Intercostal pain is particularly anxiety-provoking since it can be a sign of myocardial infarction. It is also “a very frequent reason for consultation ” specifies Doctor Patrick Assyag, cardiologist.
Causes: heart attack, COPD, Tietze syndrome
While most people associate chest pain with angina or myocardial infarction, it can have several other origins.
- The pain can obviously come from a recent trauma suffered at this location (fractured rib, sprain, or contracture of the intercostal muscle, etc.).
- It adds the presence of osteoarthritis on the vertebrae or vertebral compression because of osteoporosis to the list.
- Also, intercostal pain is commonly caused by Tietze syndrome, a mild disorder triggered by a simple “wrong move” or by inflammation of the cartilage. “It is very easy to identify because the pain is reproducible by pressure at a particular point” adds Doctor Assyag. In this case, the pain usually goes away on its own.

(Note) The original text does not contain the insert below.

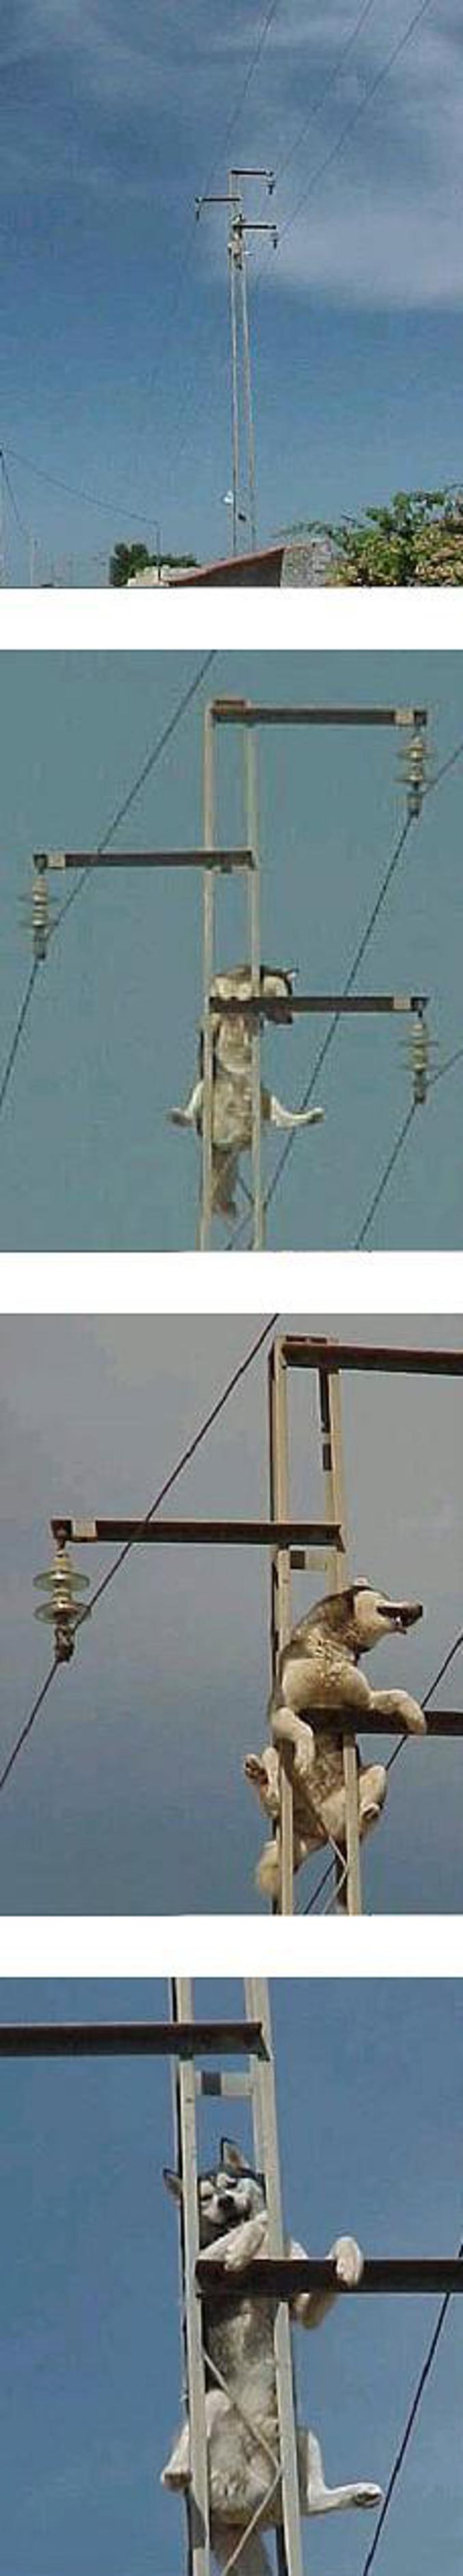 Un chien grimpé sur un poteau électrique.

- In addition, the origin can be neurological: intercostal neuralgia, shingles or fibromyalgia can, for example, be the cause of the pain felt.
- Note that certain abdominal pathologies (in the stomach, liver, or pancreas) can sometimes cause pain that radiates to the ribs or chest.
- Pulmonary pathologies are less likely to cause these symptoms: “People suffering from a chronic lung disease, such as chronic obstructive pulmonary disease (COPD) or emphysema, especially have significant respiratory discomfort”, explains Dr. Assyag. A pulmonary embolism, on the other hand, can cause sudden severe chest pain. The pain can also be psychogenic, or related to taking a psychotropic drug; it can sometimes be felt during a panic attack.
When to consult?
“If we are in the presence of an intense pain in the chest which goes up to the jaw and radiates to the arm, we are clearly facing the beginning of a heart attack and we must contact the emergency room” warns Doctor Assyag. More generally, pain in the chest should not be taken lightly and requires medical advice to verify that it is not a sign of a serious condition.
Emergency cases for Intercostal and chest pain
A call to the emergency medical service is necessary if the person has sudden chest pain, accompanied by neurological (agitation, anxiety, etc.), respiratory (congestion, cyanosis, etc.) disorders. ..) and/or cardiovascular (hypotension, mottling, pallor, …).
Depending on the outcome of the standard medical examination (which includes cardiac and pulmonary auscultation ), it may require the patient to perform additional examinations in order to detect any abnormalities. A chest x-ray and/or an electrocardiogram usually help to remove the doubt.
Thanks to Doctor Patrick Assyag, a cardiologist for his explanations.